Tal como já referimos, outra invenção cujas repercussões tiveram grande impacto no fabrico da cerveja foi a descoberta da refrigeração artificial (Teoria de Geração de Frio Artificial), avanço possível devido aos estudos de Carl Linde. As primeiras tentativas foram efetuadas em Munique, local também de grande produção cervejeira, o que fez com que a cerveja fosse dos primeiros produtos a beneficiar desta evolução. Para além disso, o desenvolvimento dos caminhos-de-ferro possibilitou uma cada vez maior expansão do comércio deste produto. Por curiosidade, diga-se que aquando da abertura da primeira linha de comboios na Alemanha, entre Nuremberga e Furth, os primeiros bens a serem transportados foram dois barris de cerveja. Enquanto isso, nos EUA, o uso do caminho-de-ferro possibilitou a expansão de uma marca bem conhecida: a Budweiser. Durante a década de 1870, esta marca tornou-se verdadeiramente nacional, devido aos esforços do seu dono, Adolphus Busch.
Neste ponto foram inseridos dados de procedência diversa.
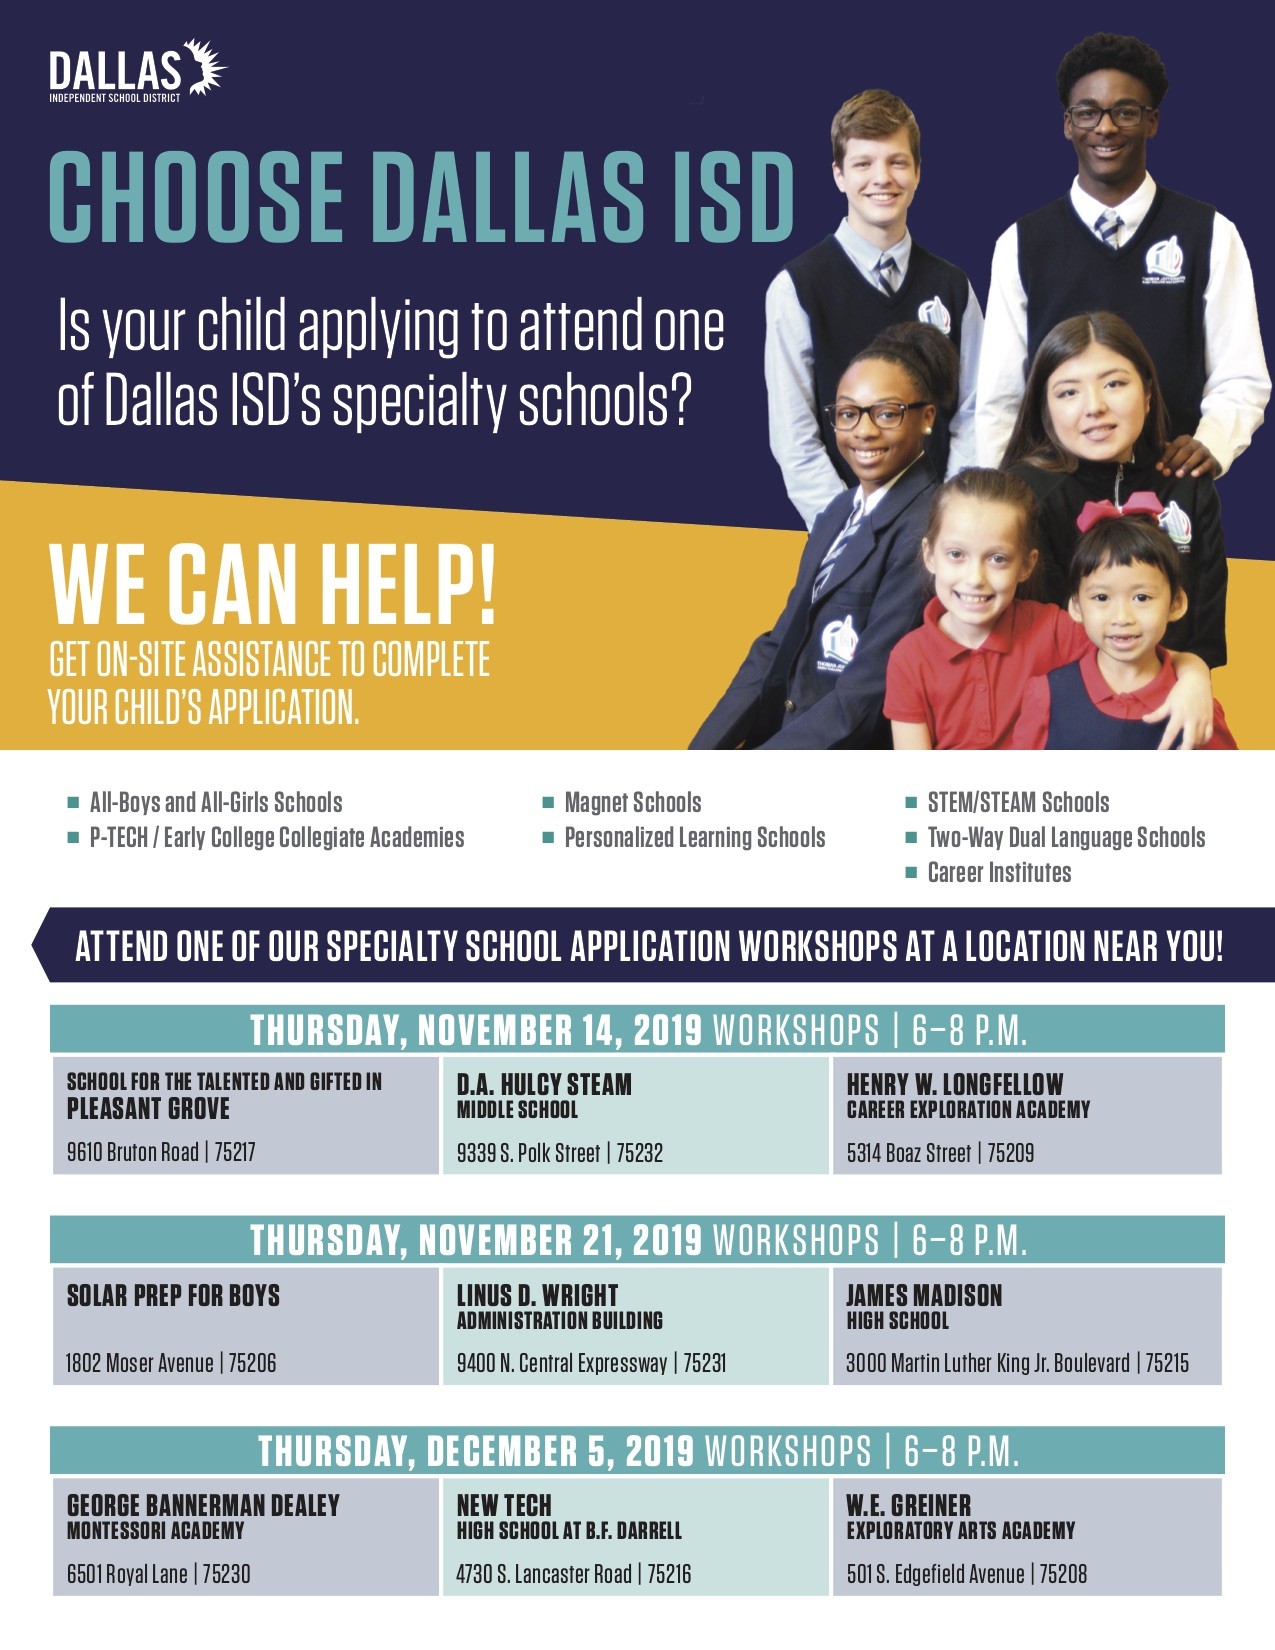 ¿Necesita ayuda para solicitar admisión a escuelas especializadas de Dallas ISD? ¡Cuente con nosotros!

Na Idade Média, a produção e consumo de cerveja tiveram um grande impulso, muito por causa da influência dos mosteiros, locais onde este produto era não só tecnicamente melhorado, como também produzido e vendido. Naquela altura, os mosteiros seriam algo semelhante a um hotel para viajantes, oferecendo abrigo, comida e bebida a peregrinos e não só. E para além dos monges, a História relata-nos também o envolvimento de santos em milagres e outros acontecimentos em que a cerveja vem mencionada! Tomemos como exemplo o caso de S. Mungo, o padroeiro da mais velha cidade da Escócia, Glasgow. Foi nessa cidade que, por volta de 540 d.C., S. Mungo estabeleceu uma ordem religiosa, cuja principal atividade seria a produção de cerveja, sendo que esta arte é ainda hoje considerada como a mais antiga indústria da cidade. Outro exemplo será o de Santa Brígida que miraculosamente transformou a água do seu banho em cerveja, para que os seus visitantes clericais tivessem algo para beber. Para se ver a importância que a igreja tinha para a indústria da cerveja nessa época, basta referir que existiam três santos padroeiros, protetores da cerveja e dos cervejeiros: Santo Agostinho de Hippo, São Nicolau e São Lucas, o Evangelista.
 
Também neste período se manteve o hábito de produzir cerveja em casa, sendo que essa tarefa continuava maioritariamente entregue às mulheres. Sendo elas as cozinheiras, tinham igualmente a responsabilidade da produção de cerveja, que era vista como uma “comida-líquida”. Em certas zonas, a cerveja chegou mesmo a ser mais popular do que a água já que, como é sabido, a Idade Média era uma época onde as práticas sanitárias eram muito más, pelo que se tornava mais seguro beber cerveja do que água. De facto, o processo de fabrico fazia com que muitas das impurezas fossem filtradas pelo que quem pudesse fazer a troca de água por cerveja raramente hesitava.
 
 No norte britânico, a cerveja (ale) era fabricada em casa, pelas mulheres, para autoconsumo, ou vendidas nas alehouses - matrizes do pub moderno -, nas tabernas e estalagens. Sujeita aos imperativos naturais, a cerveja era produzida entre setembro e abril, os meses frios. À medida que a sua importância cresceu, a produção e venda foi sendo alvo de vários regulamentos, chegando mesmo a ser criada a figura do ale-conner, o fiscal que testava e sancionava a qualidade da cerveja. Em 1188, Henrique II lançava um imposto sobre a cerveja destinado à subvenção das Cruzadas.